The mean error is 0.496. 

```{r}
lasso.coef = predict(lasso.fit$finalModel, type = "coefficients", s = bestlam.lasso)[1:ncol(train),]
length(lasso.coef)
```

```{r}
length(lasso.coef[lasso.coef != 0])
```

There are 144 non-zero coefficient 

## Question 4 -- PCR 

```{r}
set.seed(2)
pcr.fit <- train(X.train, y.train,
                  method = "pcr",
                  tuneLength = 228,
                  trControl = ctrl1,
                  scale = TRUE)

pred.pcr <- predict(pcr.fit$finalModel, newdata = X.test, 
                       ncomp = pcr.fit$bestTune$ncomp)

mean((pred.pcr - y.test)^2)

ggplot(pcr.fit, highlight = TRUE) + theme_bw()

```

The mean test error is 0.54055

Question 5 -- Discussion 

```{r}
resamp <- resamples(list(lasso = lasso.fit, 
                         ridge = ridge.fit, 
                         pcr = pcr.fit,
                         lm = lm.fit))
print(summary(resamp))

bwplot(resamp, metric = "RMSE")
```

RMSE is minimum for the lasso compared to Rigde, PCR and linear method.
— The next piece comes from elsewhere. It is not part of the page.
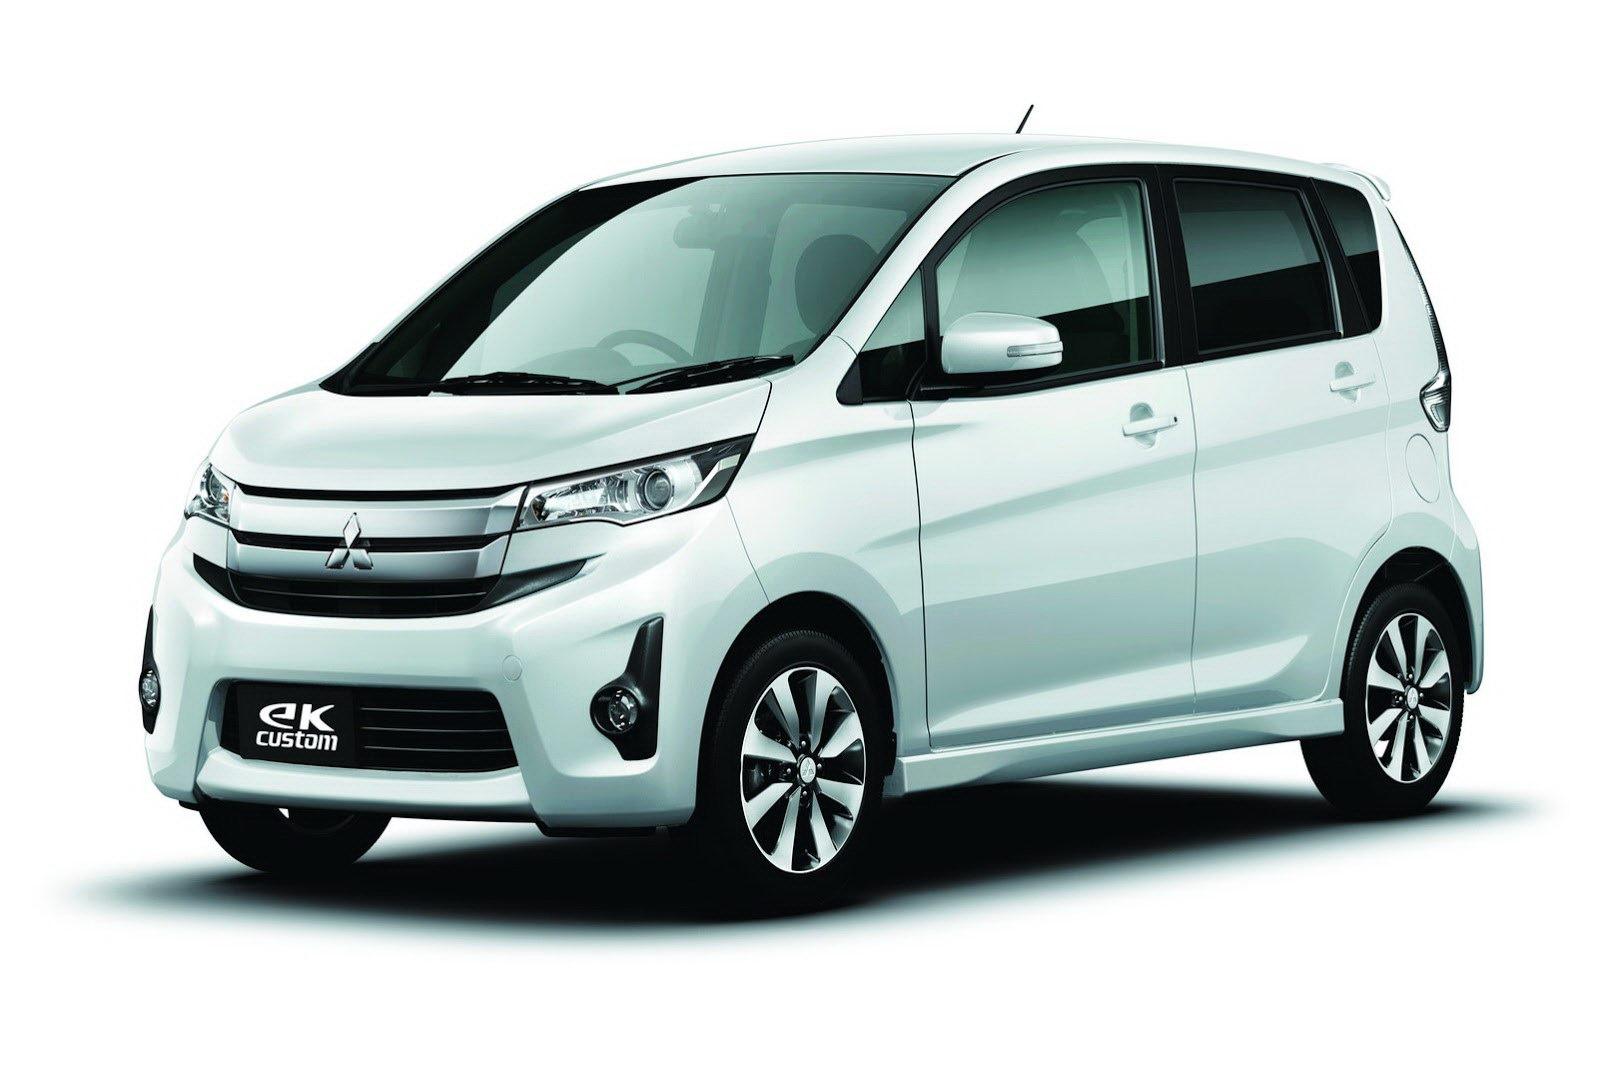 Mitsubishi призналась в занижении паспортного расхода топлива
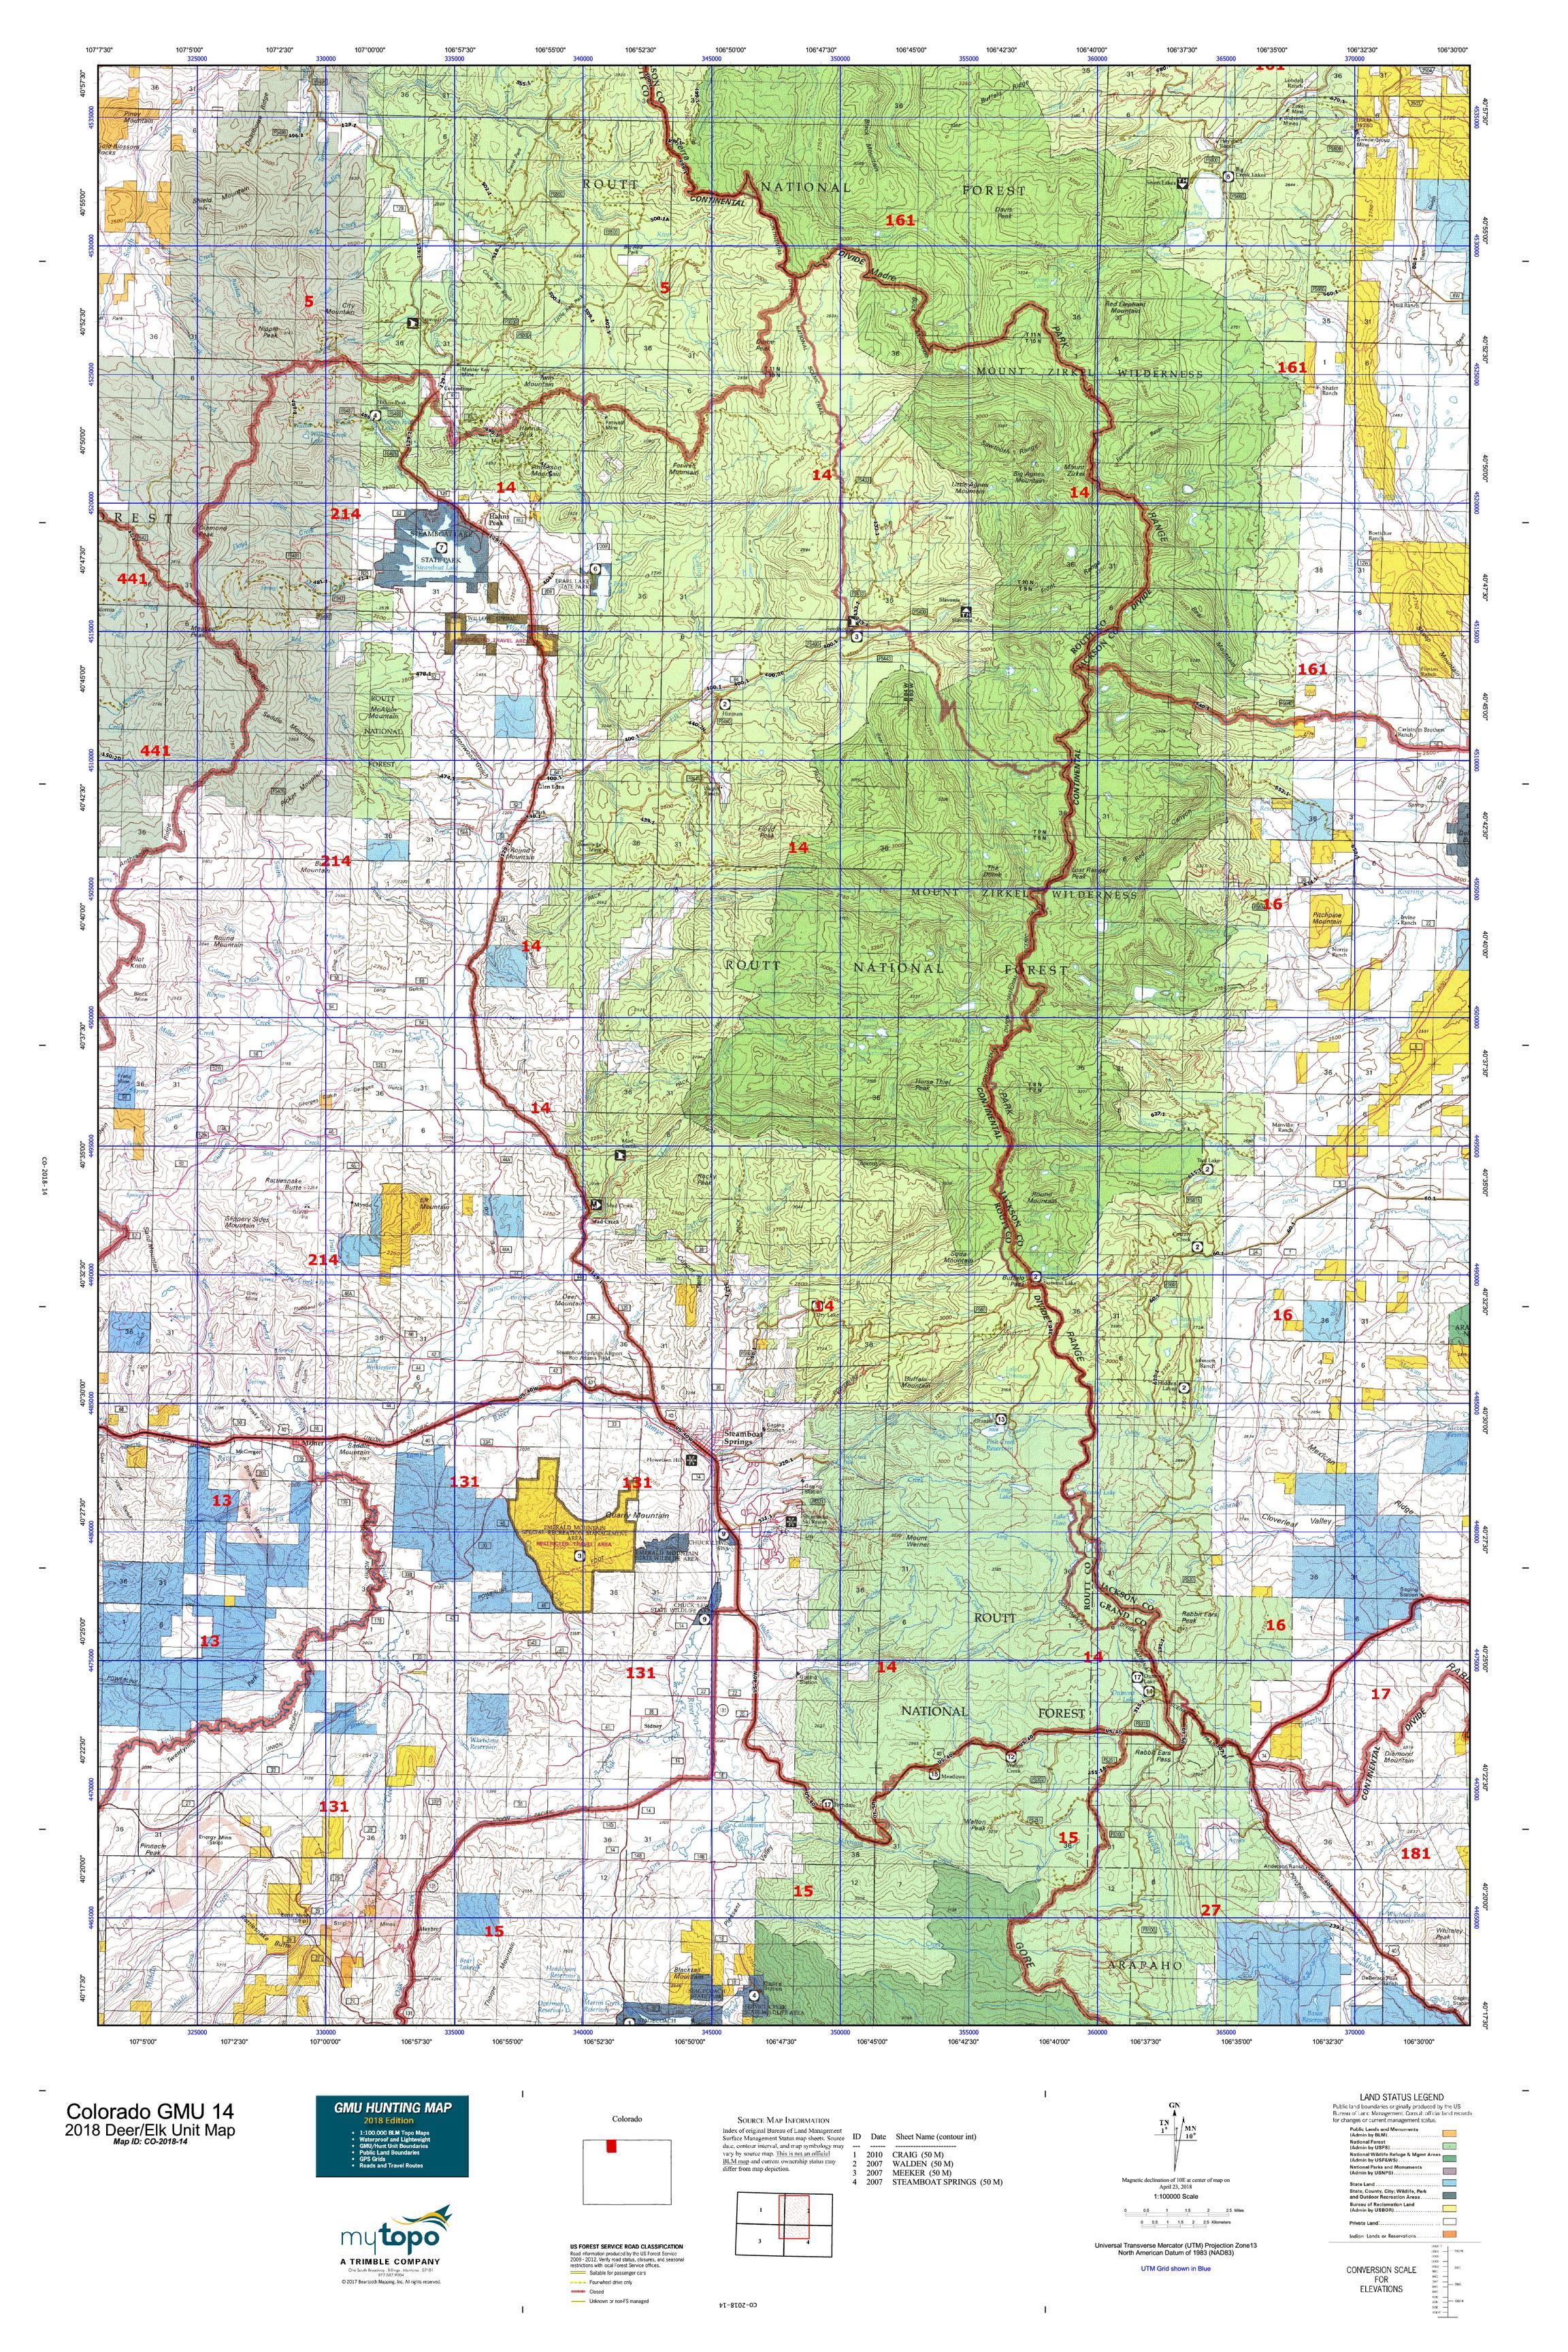 Colorado GMU 14 Map | MyTopo

This means the the coefficient for some of the predictors are truly zero. For this particular dataset, the Lasso provides best fit. Ridge regression is the next best model and the linear model is the worst. This means the shrinking coefficient is helpful. PCR with 149 components results in a model comparable to the linear model.